Seit Stéphane Richer 51 Tore in der Saison 1989/90 erzielte, hat kein Spieler im Trikot der Montréal Canadiens diese Marke erreicht. Über 35 Jahre lang blieb sie unangetastet – nicht einmal Stanley-Cup-Sieger 1993 Vincent Damphousse oder begnadete Skorer wie Alex Kovalev und Max Pacioretty konnten dies verwirklichen. Die Liste der Canadiens-Spieler mit mindestens 50 Toren in einer Saison ist nicht so lang, wie man aufgrund der historischen Bedeutung und des Erfolges der "Habs“ vermuten könnte – aber elitär. Namen wie Maurice Richard, Bernard Geoffrion, Guy Lafleur, Steve Shutt und Stéphane Richer sind die einzigen Spieler der Canadiens, die in einer Saison mindestens 50 Tore erzielt haben. Jean Béliveau gehört trotz seiner legendären Karriere nicht in diese Reihe – sein Bestwert lag bei 47 Treffern.

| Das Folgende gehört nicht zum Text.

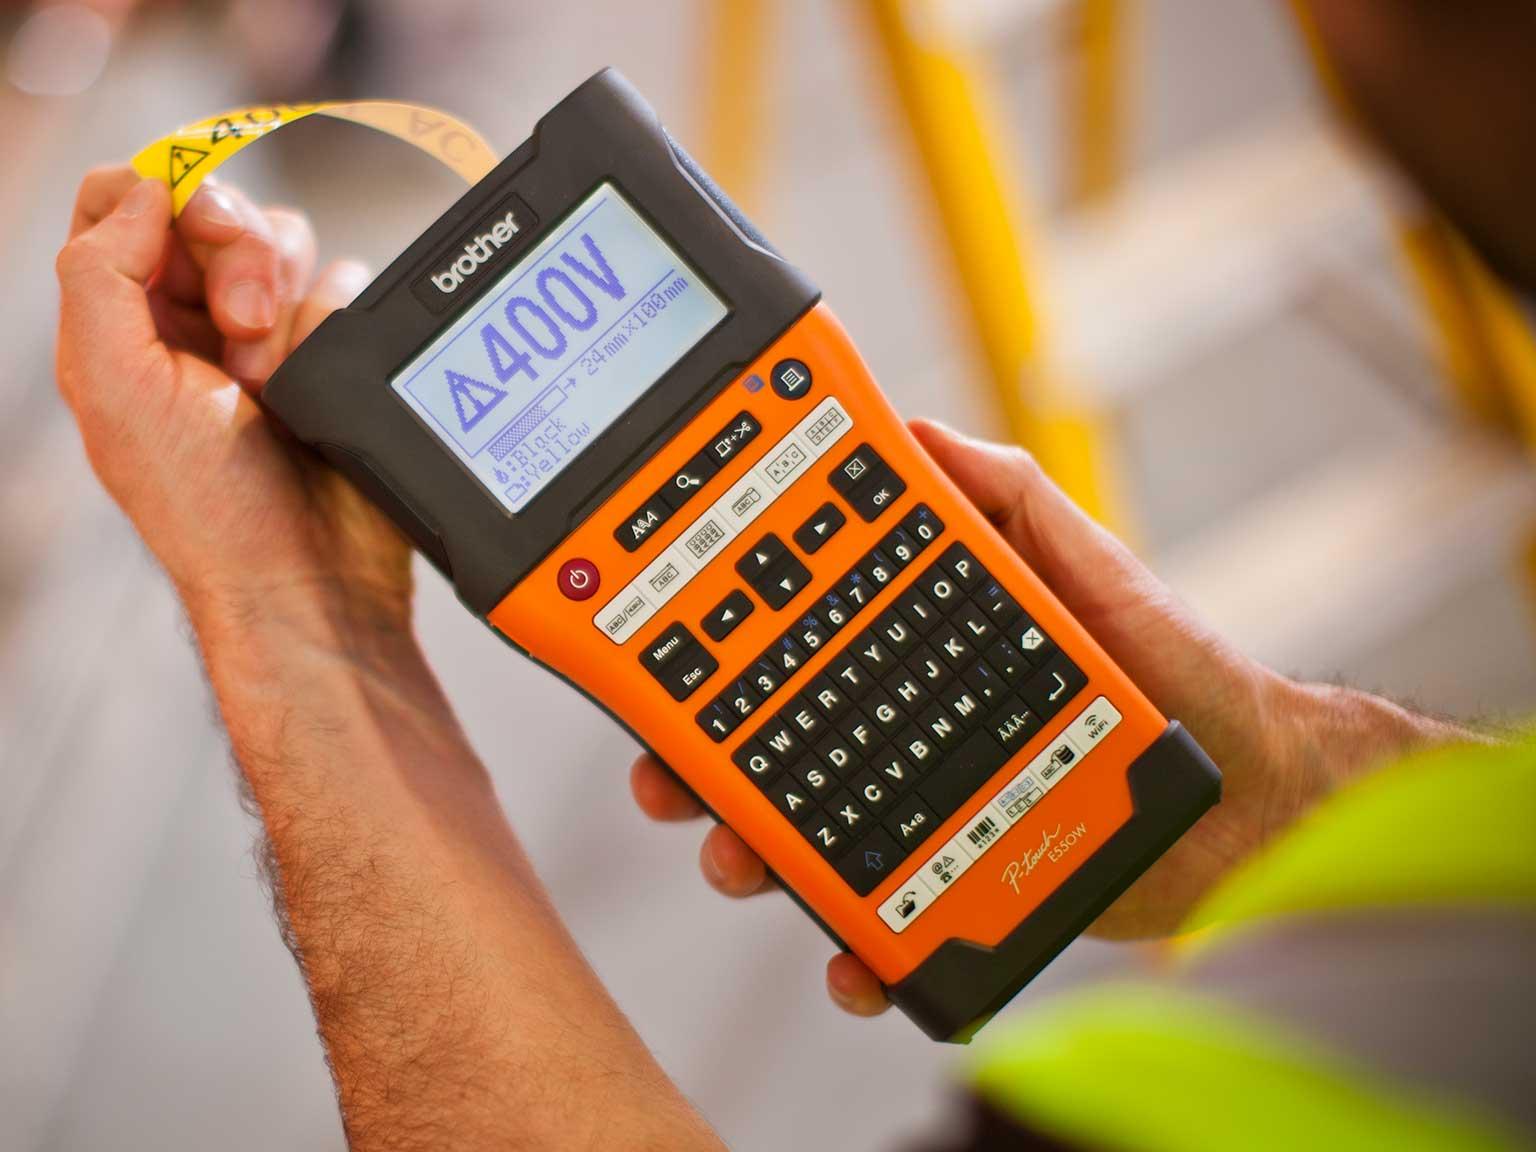 Tiskárna štítků Brother P-touch E550 v ruce

Caufield erlöste die "Habs“-Fans
Dieser Club, der so viele Offensiv-Ikonen produzierte, wartete lange auf den nächsten grossen Torjäger. Cole Caufield hat das Erbe angetreten. "Man hat schon gemerkt, wie seine Mitspieler ihn seit zwei Spielen suchen und ihm dieses Tor schenken wollen. Aber dies beeinflusste auch etwas die Spielstruktur. Dieses 50. Tor musste ganz von selbst kommen und nicht erzwungen werden“, sagte Chefcoach Martin St. Louis. Und was meinte der Local Hero zum ganzen Rummel um diese 50-Tore-Marke? "Es ist etwas Besonderes, so etwas hier in Montreal zu erreichen. Die Fans und die Geschichte dieses Clubs sind so involviert. Und wenn man mit solchen Namen in Verbindung gebracht wird, die das schon erreicht haben, ist das schon ziemlich surreal.“
Grossartiges Trio: Caufield (51 Tore), Suzuki (101 Punkte), Juraj Slafkovský (30 Tore)

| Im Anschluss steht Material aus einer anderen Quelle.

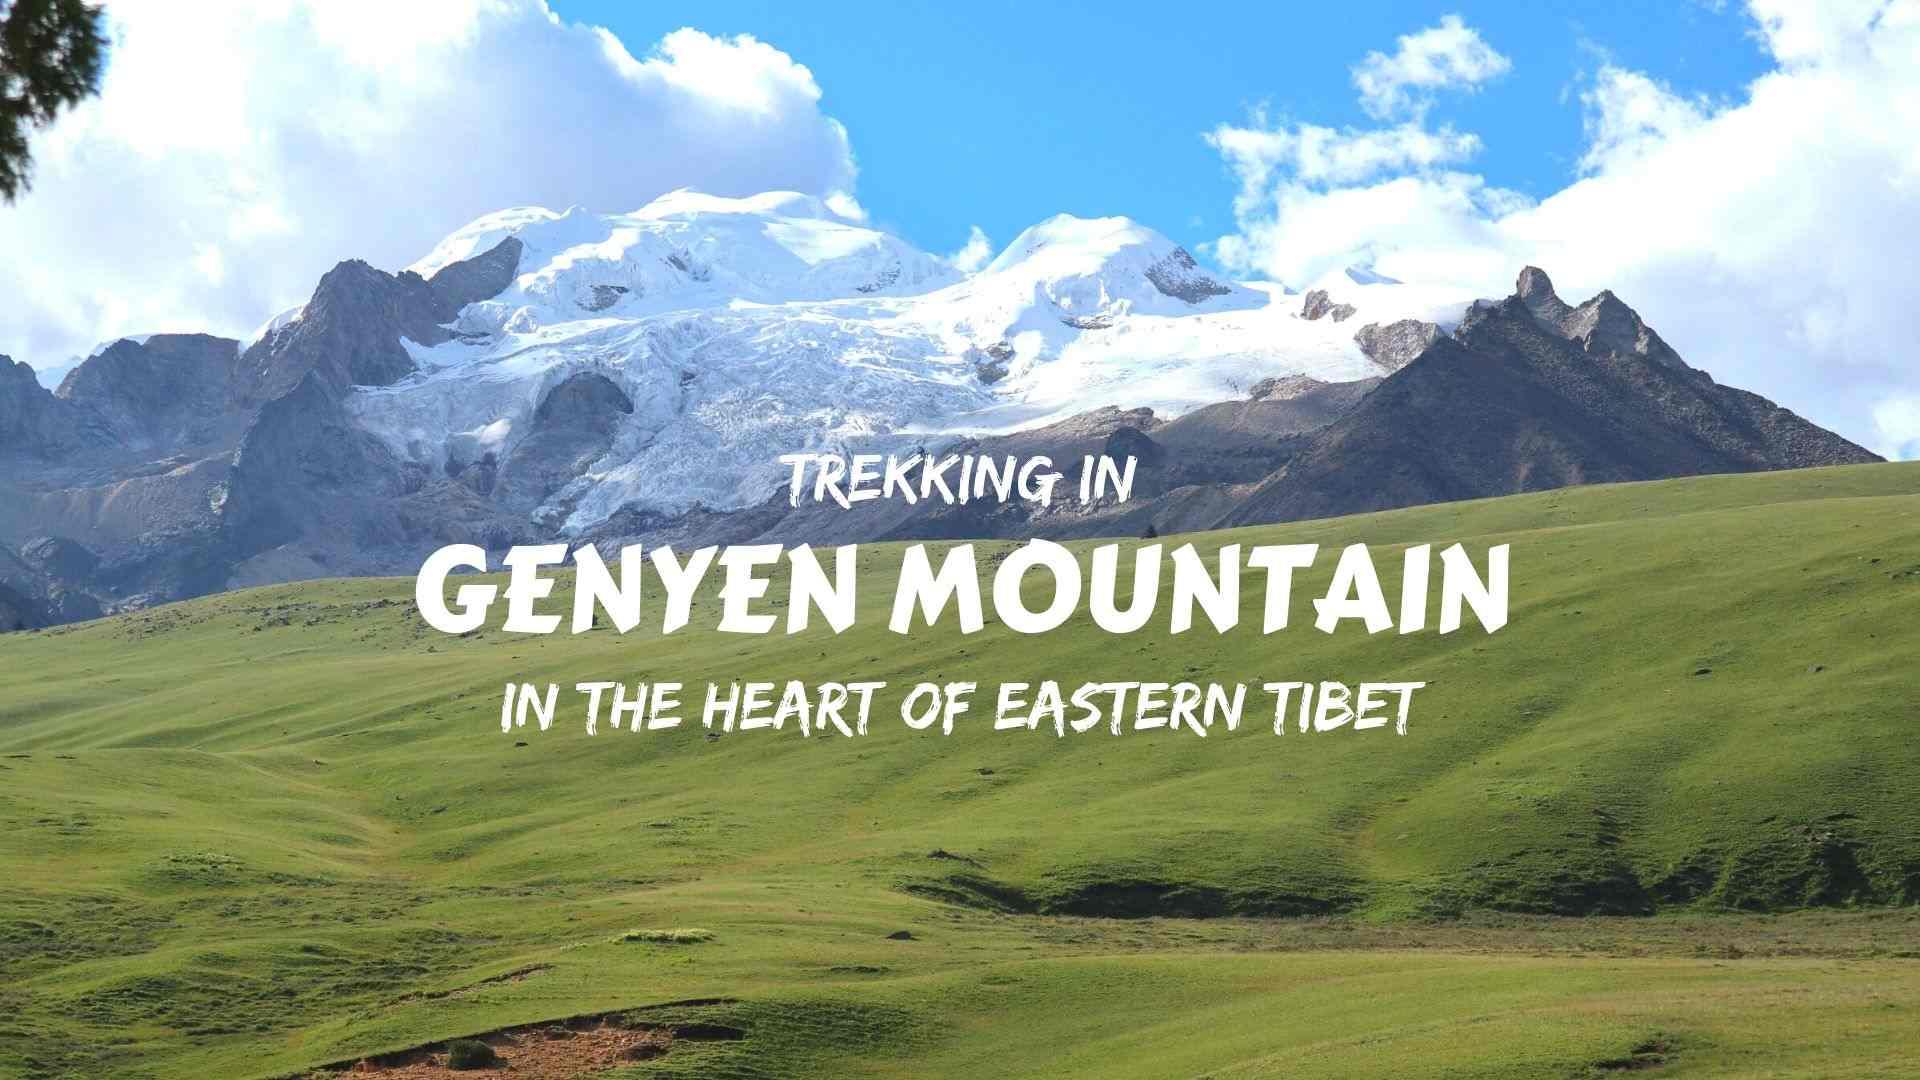 Trekking in Genyen Mountain, in the heart of Eastern Tibet

Das Bemerkenswerte an Cole Caufields 51 Treffern ist nicht nur die nackte Zahl – sondern die Art, wie seine bisher erzielten Tore zustande kamen. Caufield ist kein klassischer "Volume Shooter". Seine Tore entstehen aus Timing, Antizipation und einer Schusstechnik, die in der NHL zur absoluten Elite gehört. Wer Caufields Breakthrough-Star-Season analysiert, erkennt schnell, dass er sich in einer neuen Sphäre bewegt und nunmehr definitiv zur absoluten NHL-Elite gehört. In den letzten Wochen traf Caufield nicht nur in einer erstaunlichen Frequenz (zuletzt 30 Tore in 30 Spielen – ein Lauf, den man in Montreal zuletzt in den frühen 1950er-Jahren gesehen hat), aber ein Grossteil seiner Tore waren Treffer, die sein Team in Führung brachten oder sich sogar spielentscheidend erwiesen. Dazu kommt in dieser Saison eine aussergewöhnliche Anzahl an Overtime-Treffern. Somit liegt er bei den Game-Winning-Goals ligaweit ganz vorne. Zudem hat er fast 30 Mal ein Tor erzielt, das Montreal in Führung brachte – auch das ist ein zentraler Beleg dafür, wie stark seine Tore in den Spielverlauf eingreifen. Dass er im gleichen Trio mit dem begnadeten Spielgestalter Nick Suzuki spielt, der ganz nebenbei auch die grossartige 100-Punkte-Marke übertroffen hat, ist natürlich ein Mehrwert. Wie auch sein anderer Mitspieler in einem der besten Offensivtrios der Liga: Juraj Slafkovský, der nebenbei ebenfalls eine persönliche Bestmarke erreichte mit 30 Saisontoren.
Monsieur Samedi Soir
Und noch zum Abschluss ein Fun Fact: Cole Caufield hat den Kosenamen "Monsieur Samedi Soir“ geerbt. In der Saison 2025/26 steht er aktuell bei 16 Toren in Samstagsspielen. Mit der Saison 2024/25 kommt Caufield sogar auf 27 Tore in Samstagsspielen. Der Spitzname "Monsieur Samedi Soir“ ist historisch mit Maurice Richard verbunden. Dieser bekam diesen Namen, weil er regelmässig samstags im Forum dominierte, wenn ganz Québec vor dem Fernseher sass. Diese Samstagabend-Spiele hatten kulturell fast schon rituellen Charakter.